Our study has a few limitations. First, variation in effect estimates drawn from weighted analyses around each patient’s phenotypic location could be prone to random variation. Future studies should explore the robustness of a dynamic kernel definition, as opposed to a fixed kernel as used in this study. Second, to ensure consistency with the original trials, we chose the original primary outcome as our outcome of interest, with net clinical benefit analyses provided as secondary outcomes that could not generalise across studies due to variable definitions. Third, notable differences in the study design between SPRINT and ACCORD BP—such as the exclusion versus inclusion of patients with diabetes and use of unattended versus attended blood pressure measurements in SPRINT versus ACCORD BP—preclude direct validation of our findings, but support the generalisability of our tool. Fourth, further testing of our tool in diverse patient populations is needed to better understand the biological, clinical, and socioeconomic factors that might underlie such heterogeneous treatment effects. Fifth, our analysis was not compared with other potential methods proposed for the study of heterogeneous treatment effects in trials. However, our approach—which was externally validated in a second independent trial (ACCORD BP) and detected a simulated treatment effect—can be used as a framework to benchmark other methods. Finally, the algorithm should be evaluated prospectively before clinical implementation as a decision support tool.

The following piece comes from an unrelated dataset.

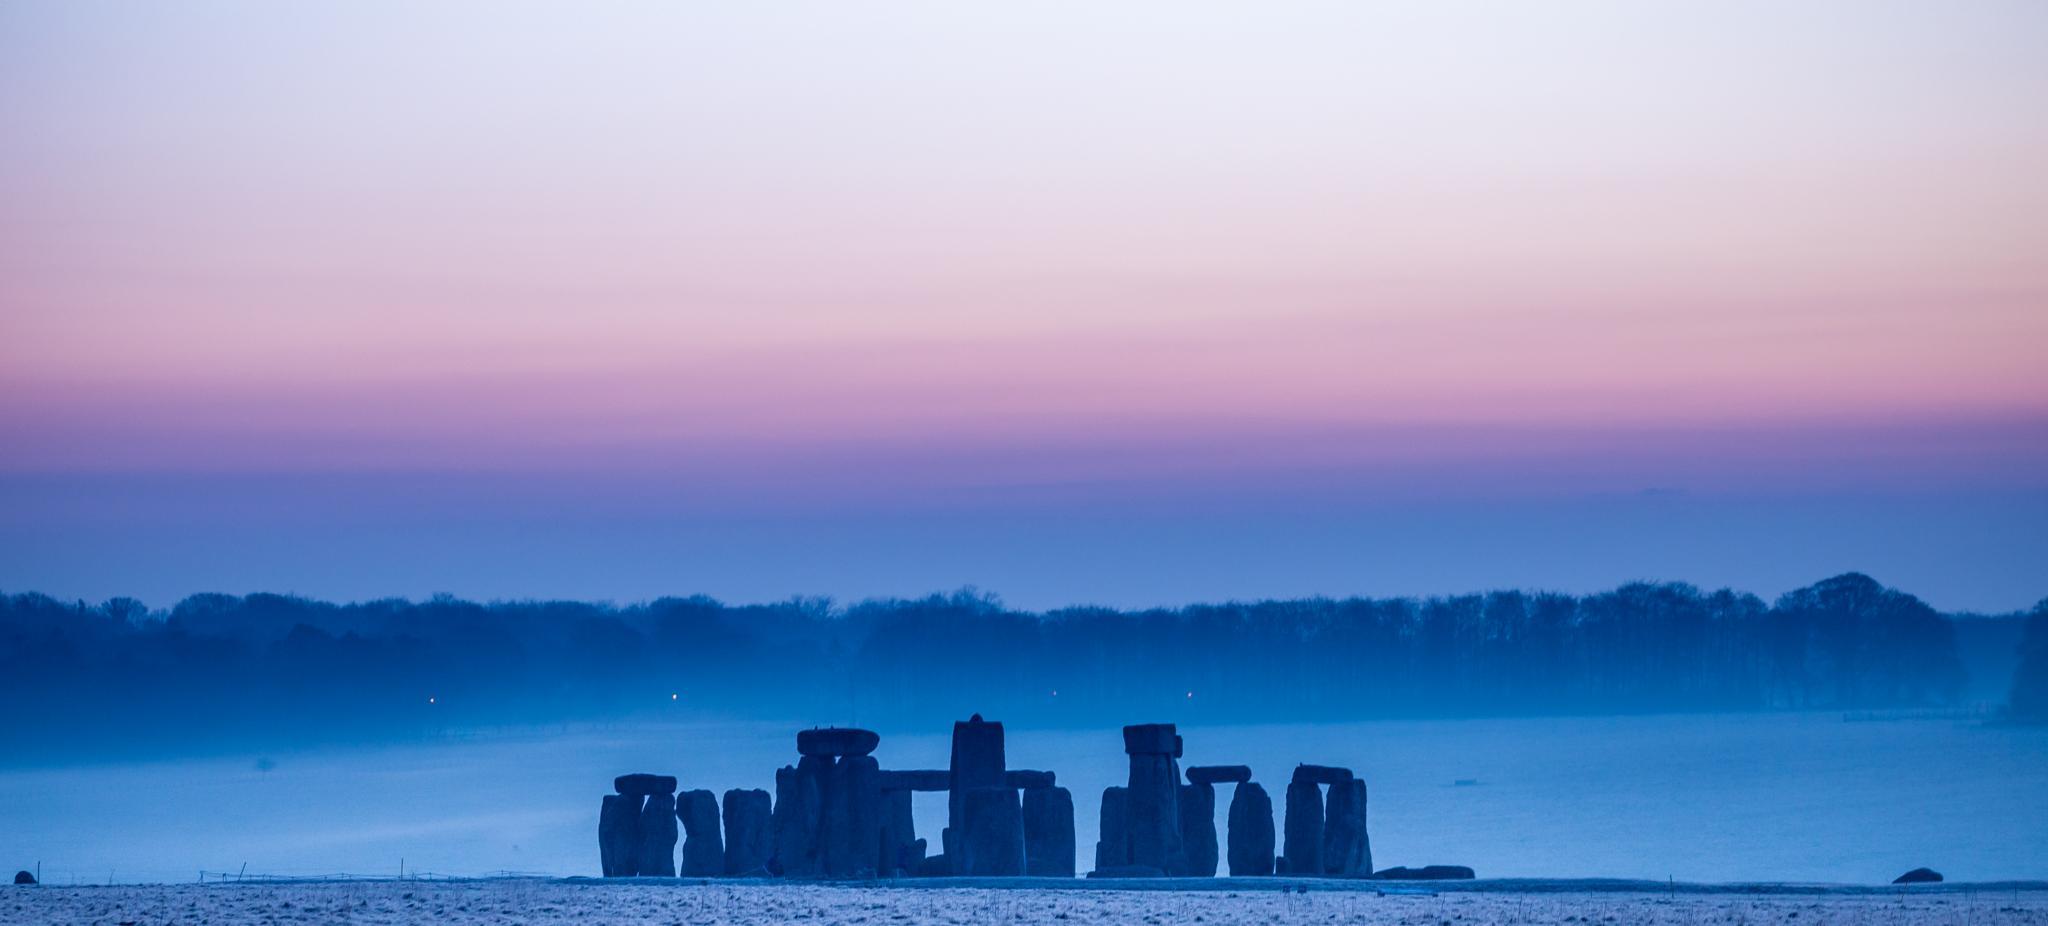 More Stonehenge by messedupmojo

In this post-hoc analysis of two randomised clinical trials of systolic blood pressure control, we developed a machine learning-guided, evidence-based tool to extract individualised treatment effects based on participant-level data. When applied in two trials of intensive versus standard systolic blood pressure control, our method identified explainable phenotypes associated with heterogeneous treatment effects that generalise to patients without and with type 2 diabetes. More importantly, our broader method provides a personalised approach to the translation of clinical trial findings and promotes the use of shared decision-making through personalised inference.
Supplementary Material
Research in context.
Evidence before this study
Hypertension is a key modifiable cardiovascular risk factor. Although the effects of blood pressure reduction in hypertension are well established, the optimal treatment goals for individual patients remain under debate. We searched PubMed on July 19, 2021, for studies published in English and relating to decision support tools to guide the personalisation of systolic blood pressure treatment targets. A second search was performed on Sept 29, 2022, with the same search criteria, to update our literature review. We used the search terms “hypertension”, “intensive blood pressure control”, “systolic blood pressure”, “heterogeneity”, and “machine learning”. Our search returned 5278 papers, 29 of which were relevant to the topic. Two large randomised clinical trials have evaluated the effect of intensive systolic blood pressure lowering for cardiovascular risk reduction. The SPRINT trial found that targeting a systolic blood pressure of less than 120 mm Hg (intensive treatment) as opposed to less than 140 mm Hg (standard treatment) reduces the incidence of major adverse cardiovascular events among patients with hypertension but without diabetes (types 1 and 2). By contrast, the ACCORD BP trial did not show a cardiovascular benefit for the intensive versus standard treatment strategy in type 2 diabetes. Our search revealed several studies and approaches for detecting and describing heterogeneity in the effects of intensive systolic blood pressure treatment. To date, studies have used a mixture of approaches, ranging from regression modelling with interaction effects to machine learning algorithms. Although many studies have suggested that the absolute risk reduction with intensive systolic blood pressure control is proportional to the baseline cardiovascular disease risk, others have demonstrated that more advanced machine learning algorithms might improve the detection of individualised treatment effects. Nevertheless, most previous studies restricted their analysis to modelling of absolute risk reduction, relied on a smaller number of recorded covariates, defined discrete numbers of phenotypic clusters, or did not demonstrate generalisability of their approach to independent patient populations.
Added value of this study
In this post-hoc analysis of SPRINT and ACCORD BP, we used machine learning to construct computational clinical trial phenomaps and investigate patient-level heterogeneity in treatment effectiveness of intensive blood pressure control. We leveraged this heterogeneity to develop an evidence-based tool to personalise the consideration for pursuing intensive versus standard systolic blood pressure treatment goals among patients without and with type 2 diabetes with high cardiovascular risk. This individualised approach to evidence synthesis could represent a novel strategy to maximise the benefits of intensive blood pressure control and might be a valuable adjunct to inform shared decision making in clinical practice. The approach also highlights a potential strategy for personalised inference from randomised clinical trials.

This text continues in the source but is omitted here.